Grant, an experienced hiker from Montana, is the character who provides the
most connection between the two groups. Like the porters, he doesn’t have the
best equipment. His poncho is a garbage sack, he uses his father’s old canvas
Army-issue tent, and, notably, he chooses to carry his own gear up as opposed to
having the porters carry it for him. Also, Grant knows some Swahili, the local language. This, more than anything, seems to impress Rita in that his knowledge of
Swahili serves to bridge the cultural gap between the two parties.
Now a porter is walking down the path, in jeans, a sweater, and tennis shoes. Rita and Grant stop and step to one side to allow him to
pass.
“Jambo,” Grant says.
“Jambo,” the man says, and continues down the trail.

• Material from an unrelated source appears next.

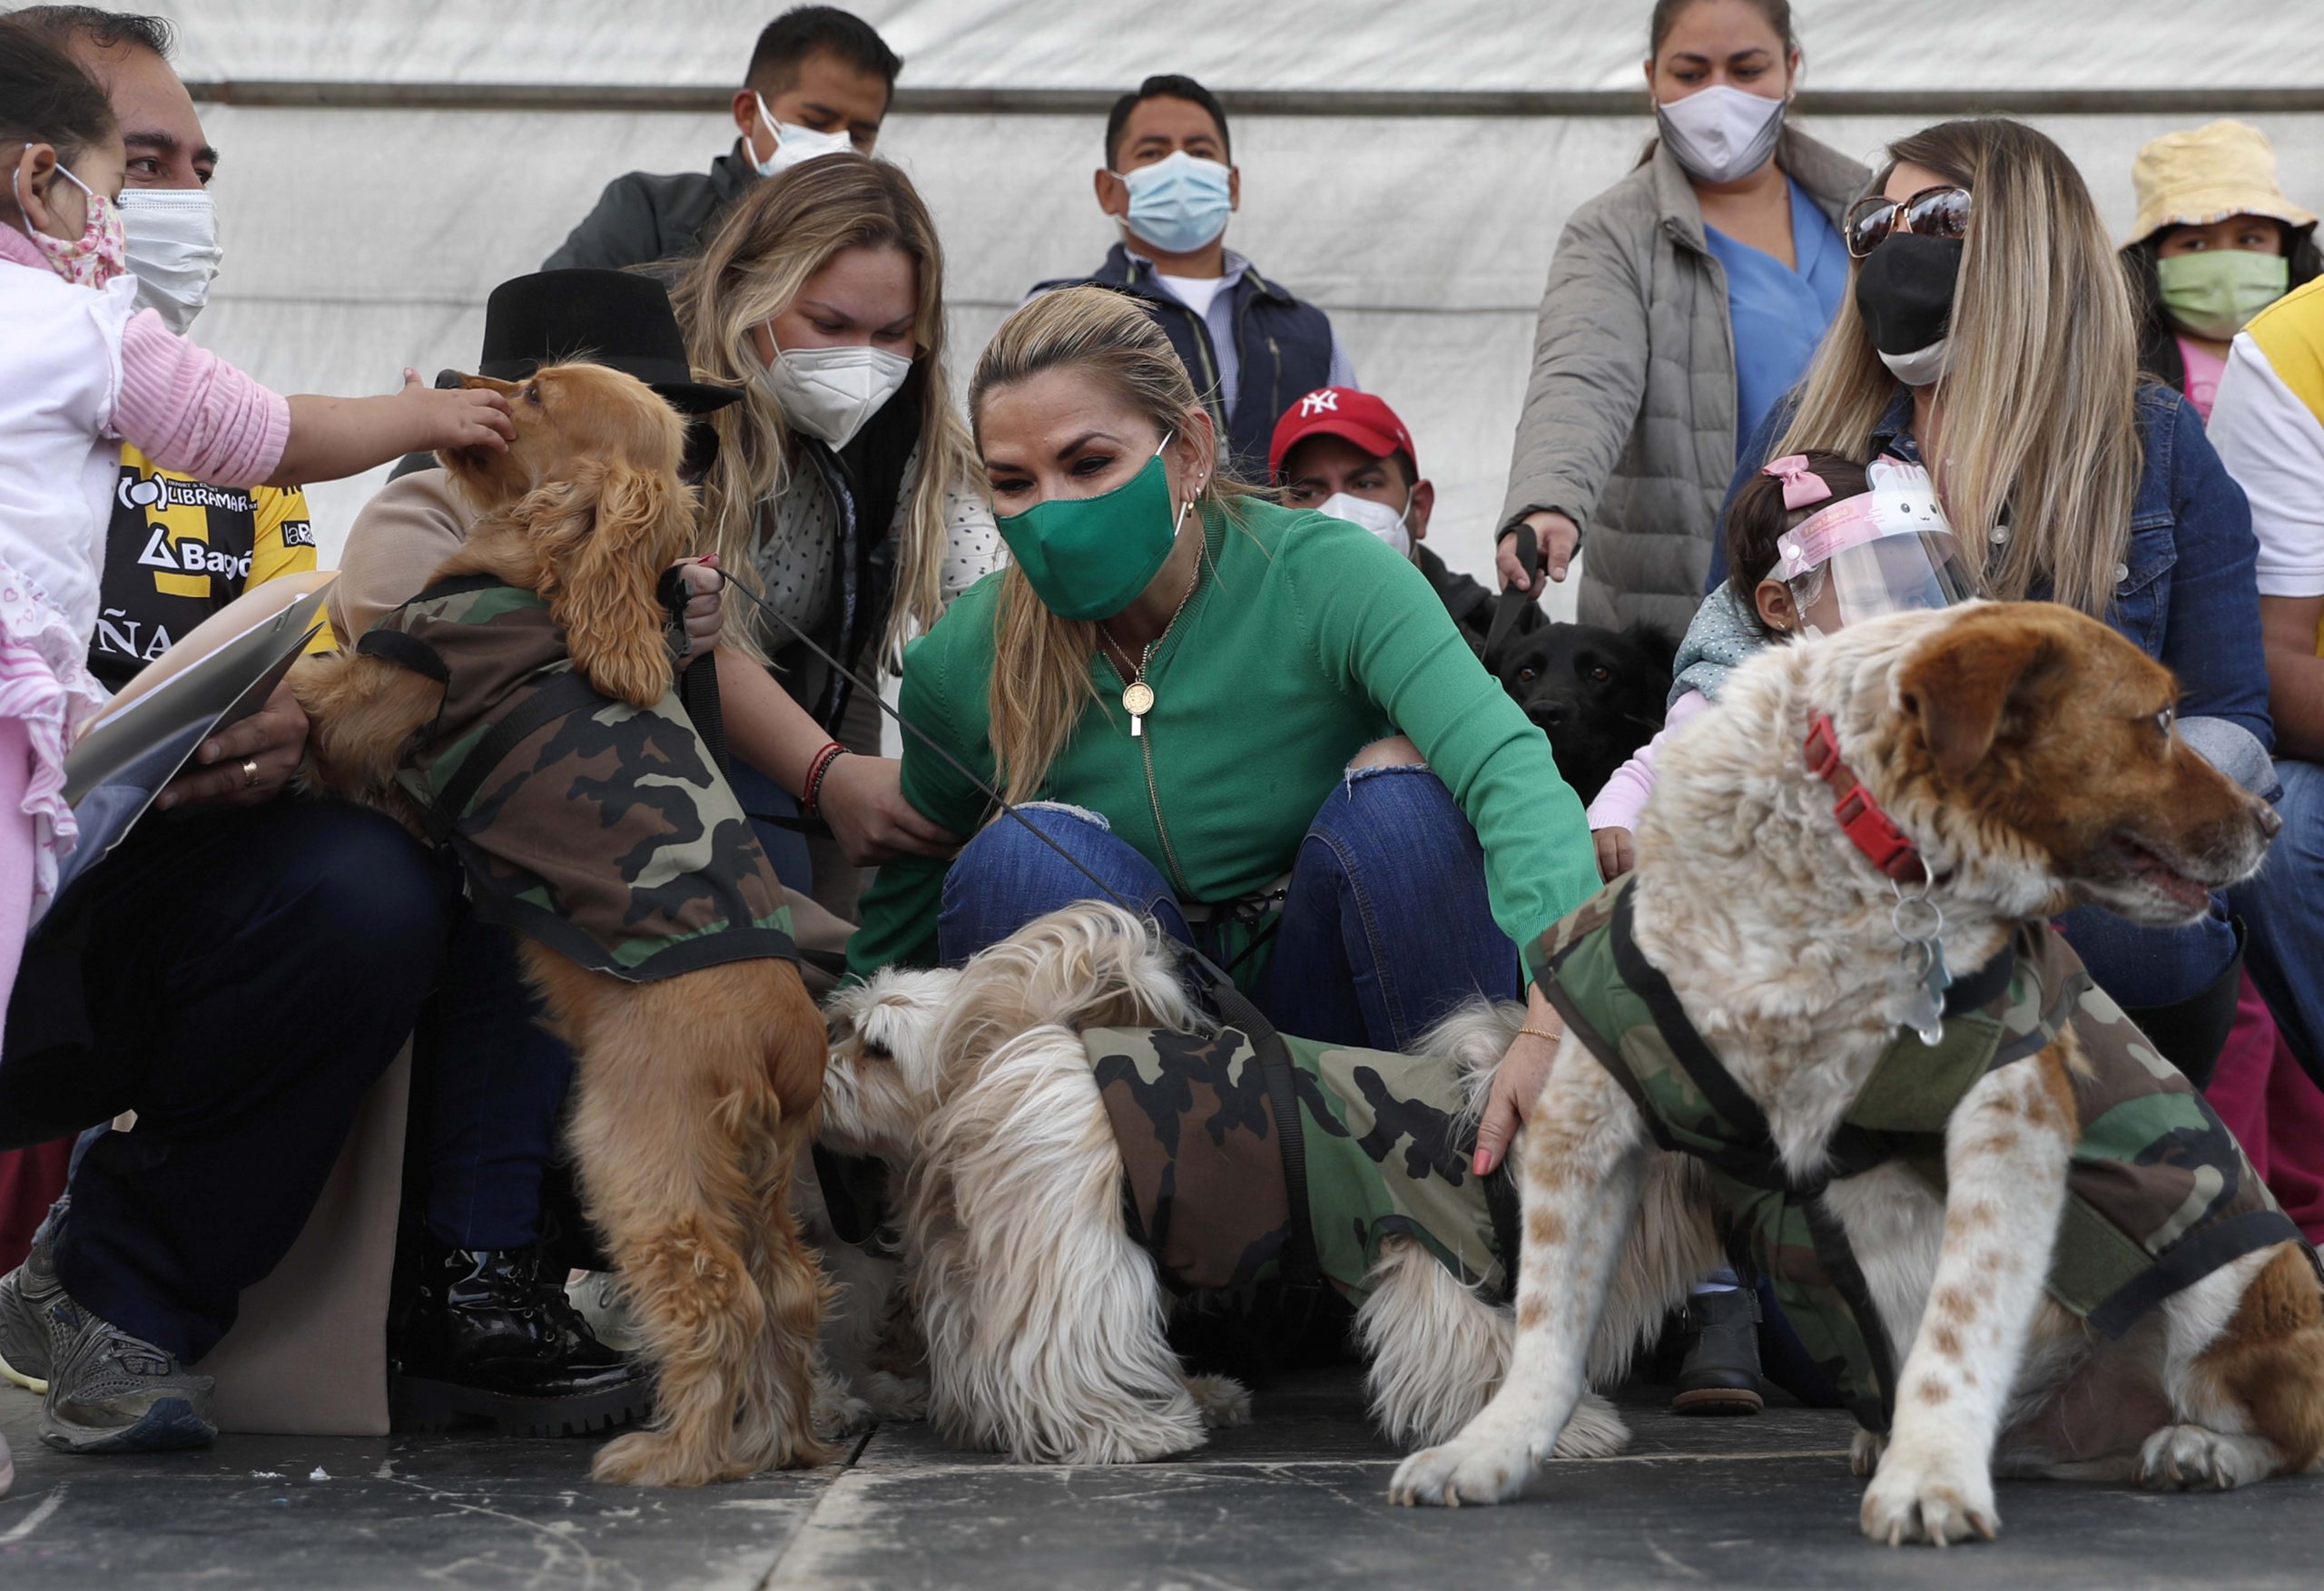 South Korea plans legal status for animals in bid to stop abuse
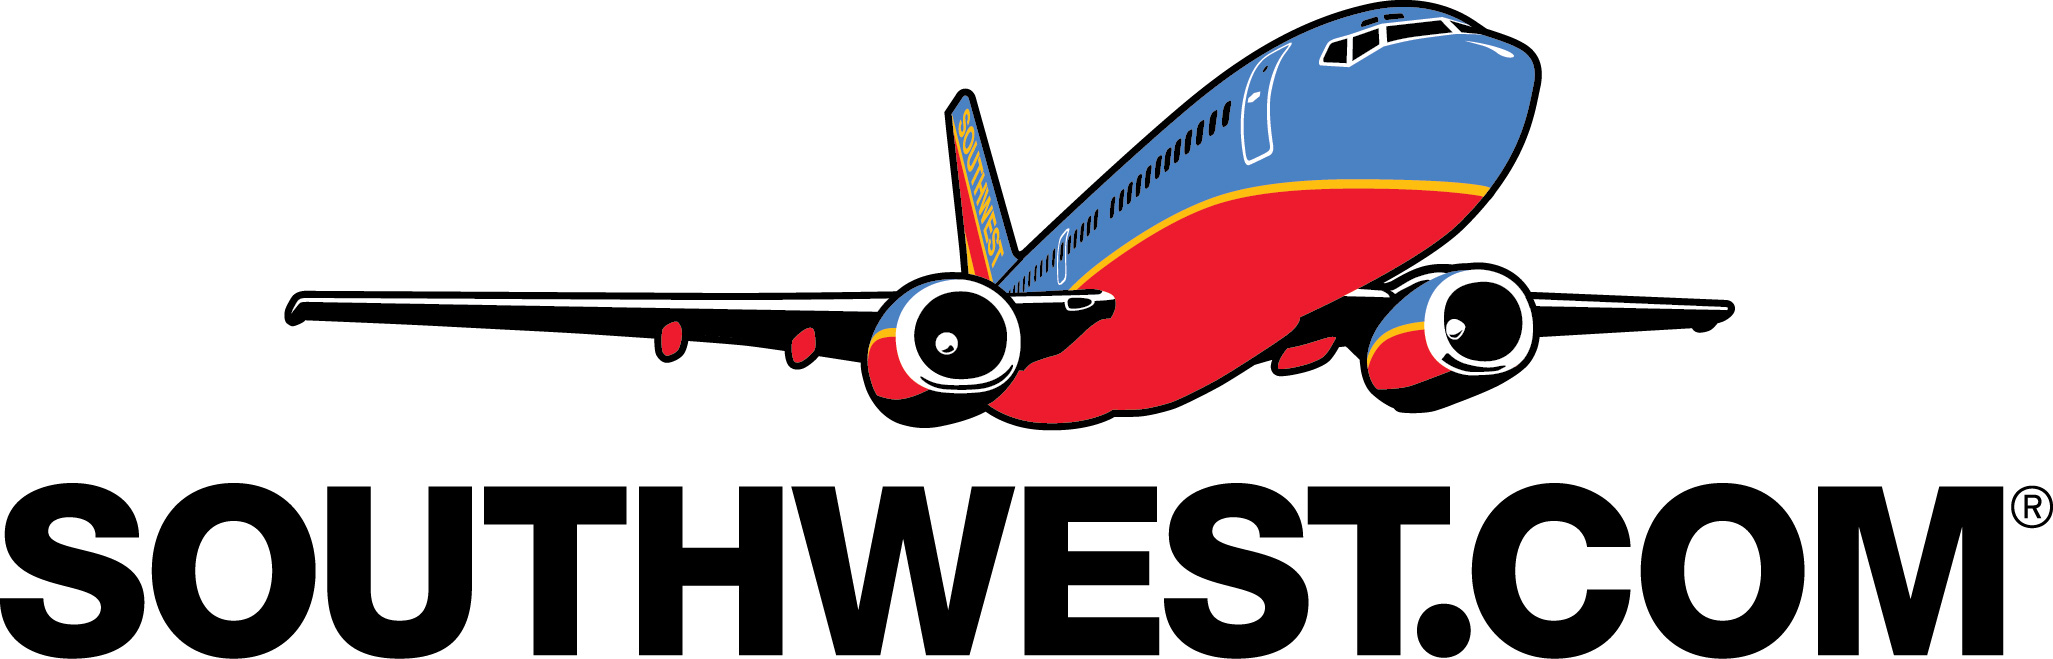 Southwest Airlines logo 08

The exchange was quick but extraordinary. Grant had lowered
his voice to a basso profundo, stretching the second syllable for a few
seconds in an almost musical way. The porter had said the word
back with identical inflection. It was like a greeting between teammates, doubles partners—simple, warm, understated but understood. (159)
53
Rita had not taken the time to learn any Swahili, but Grant has. Grant, it becomes clear, wants a more authentic experience; thus, he has taken the time to
learn some of the local language and feels the need to bring his own equipment
up the mountain. Here, Eggers makes a division between travelers who have monetary means, and travelers who have monetary means with intention. To Jerry, one
of the paying hikers, Grant becomes a source of sarcasm. Rita sees Grant, surrounded by porters, playing a “tennislike game” with one of the porters (177).
“Grant is barefoot and grinning” (177). Jerry draws attention to Grant and calls
him, “‘Saint Grant of the Porters!’” (177). There is a constant tension between
Grant, who is seeking to connect with these people of a culture far removed from
Montana, and Jerry, a person who feels the right of privilege.
Tensions mount as Mike, Jerry’s son and one of the paying hikers, becomes
ill. It is clear that he will not make it up the mountain. Rita, when she sees Mike,
sees death. “Mike is lying on the ground, on his backpack, and he looks to Rita
much like what a new corpse would look like. Mike is almost blue, and is breathing
in a hollow way that she hasn’t heard before” (177). Jerry wants his son to persevere and finish the climb to the top of Kilimanjaro. Grant, though, understands
that Mike must descend because he is too sick to finish the climb. Mike continues
on, though, for another day. His condition worsens in the rain and the cold. When
Rita wakes up on the morning before the final hike to the summit, she is told that
something has happened. She thinks that Mike has died. She finds out later, at the
summit of Kilimanjaro, that it was not Mike, but three young porters who had
passed away in the night. They had been sleeping in the mess tent, which had a
hole, and froze to death. The fact that they did not have the best gear to make the
ascent is reiterated. Shelly, one of the paying hikers, tells Rita this and then says,
“I didn’t want to spoil this for you. We’ve all worked so hard to get up here. I’m
glad everyone decided to push through, because this is worth it, don’t you think?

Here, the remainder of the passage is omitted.